Go to the course GitHub organization and locate your ae-09 repo to get started.

Render, commit, and push your responses to GitHub by the end of class. The responses are due in your GitHub repo no later than Thursday, October 12 at 11:59pm.

Packages + data

library(tidyverse)
library(tidymodels)
library(knitr)
library(openintro)

The data for this AE is from the loan50 data set in the openintro R package. We will focus on the following variables:

Predictors

  • annual_income: Annual income (in US dollars)
  • debt_to_income: Debt-to-income ratio, i.e. the percentage of a borrower’s total debt divided by their total income
  • verified_income: Whether borrower’s income source and amount have been verified (Not Verified, Source Verified, Verified)

Response

  • interest_rate: Interest rate for the loan (0- 100)

Analysis goal

The goals of this analysis are to build a recipe to fit a linear regression model on the training data that has the following features:

  • annual_income rescaled to thousands of dollars
  • Mean-centered quantitative variables
  • Indicator (dummy) variables for the categorical predictor
  • Interaction term between rescaled annual_income and verified_income

and (2) use prep() and bake() to check the recipe

Test/train split

Fill in the code to split the data into 90% training, 10% testing.

Important

Remove #| eval: false from the code chunk.

set.seed(123)

loans_split <- initial_split(loan50, prop = _____)
loan_train <- training(_____)
loan_test  <- _____(loan_split)

Build a recipe

  • Use step_mutate() to create a new variable annual_income_th that is annual_income rescaled to thousands of dollars

  • Use step_center() to mean-center quantitative variables

  • Use step_dummy() to create indicator variables for the categorical predictor

  • Use step_interact() to create interaction between annual_income_th and verified_income

Important

Remove #| eval: false from the code chunk.

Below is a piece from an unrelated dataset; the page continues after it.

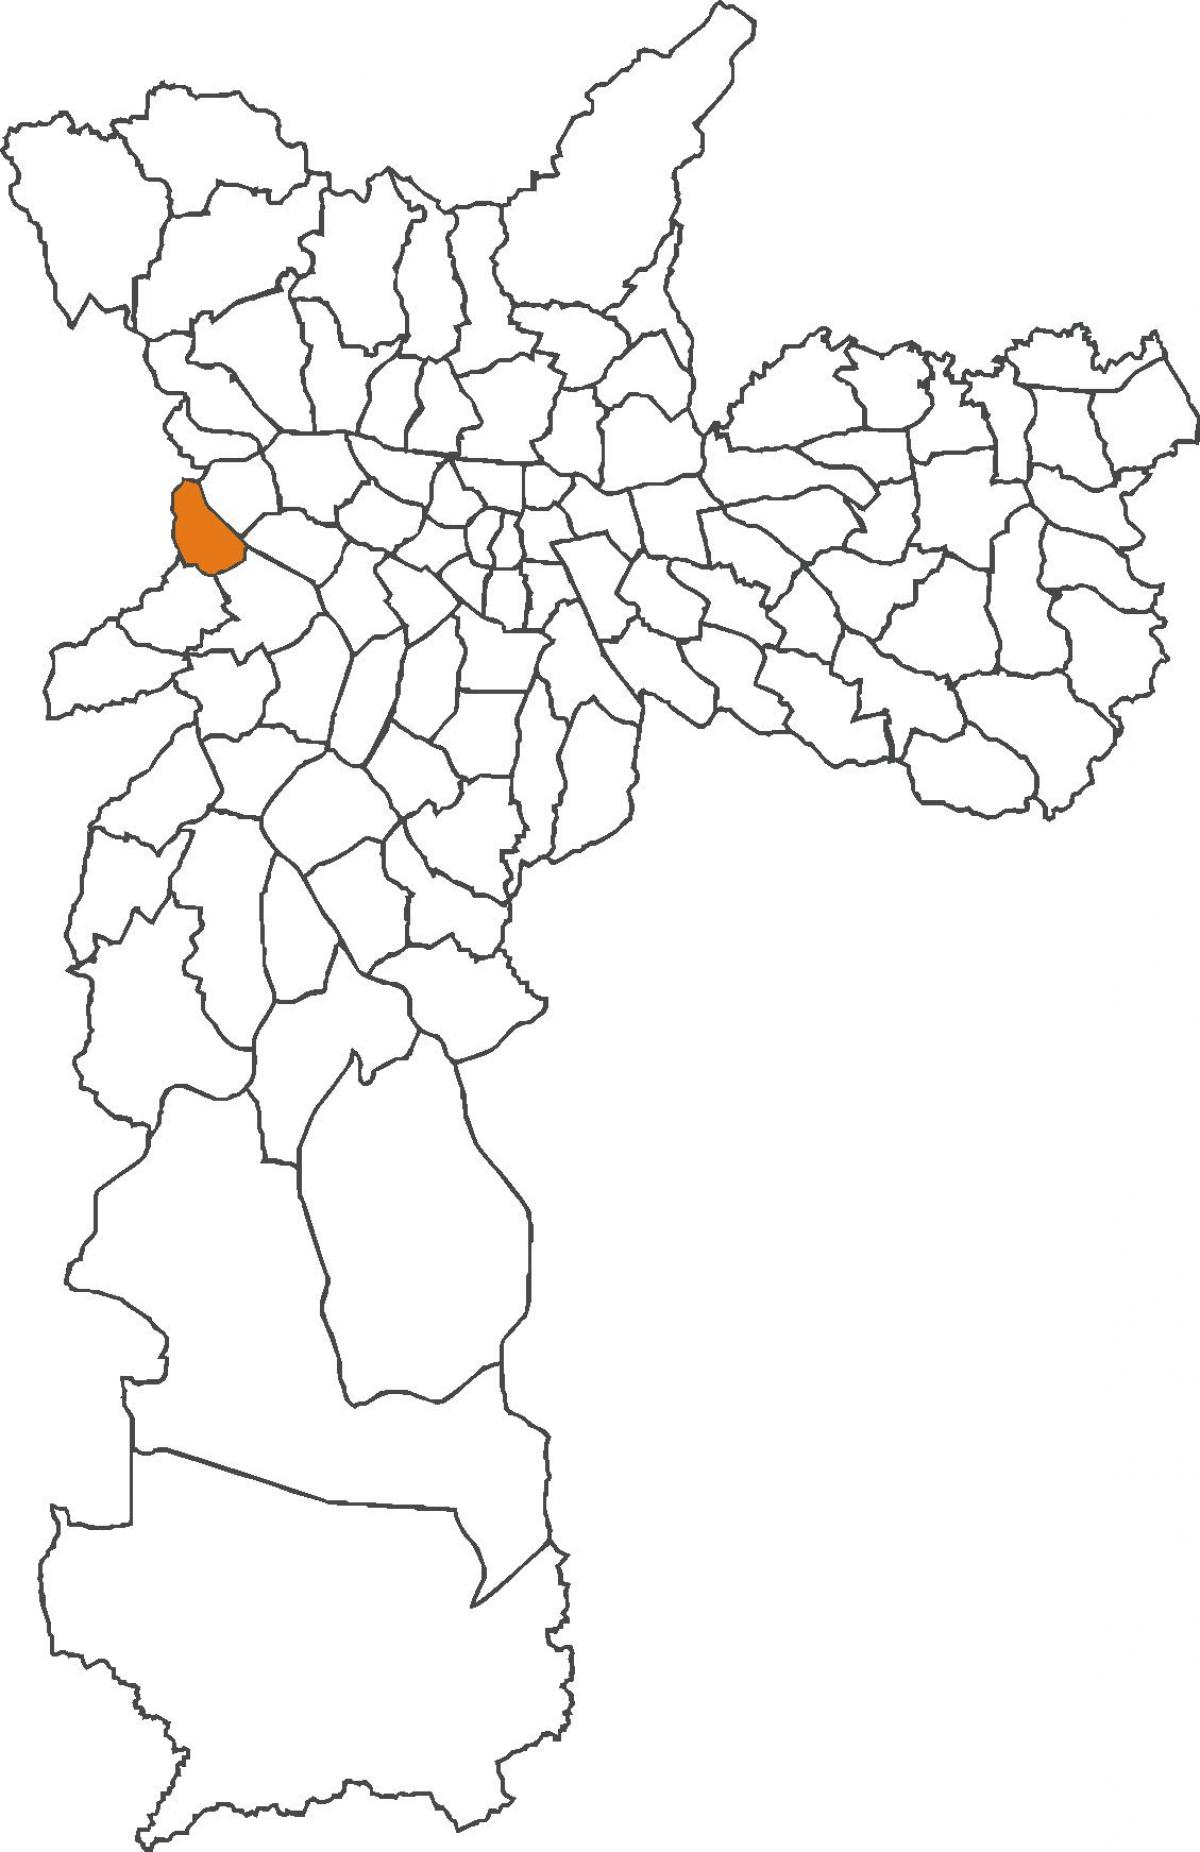 মানচিত্র Jaguaré জেলা

# use original variables when specifying recipe
loan_rec <-  recipe(interest_rate ~ annaul_income + debt_to_income + verified_income, 
                    data = loan_train) |>
  # add recipe steps
loan_rec

Check recipe using prep() and bake()

Remove #| eval: false from the code chunk

# determine required parameters to be estimated
loan_rec_trained <- prep(loan_rec)

# apply recipe computations to data
bake(loan_rec_trained, loan_train) |>
  glimpse()

To submit the AE

Important
  • Render the document to produce the PDF with all of your work from today’s class.
  • Push all your work to your ae-09 repo on GitHub. (You do not submit AEs on Gradescope).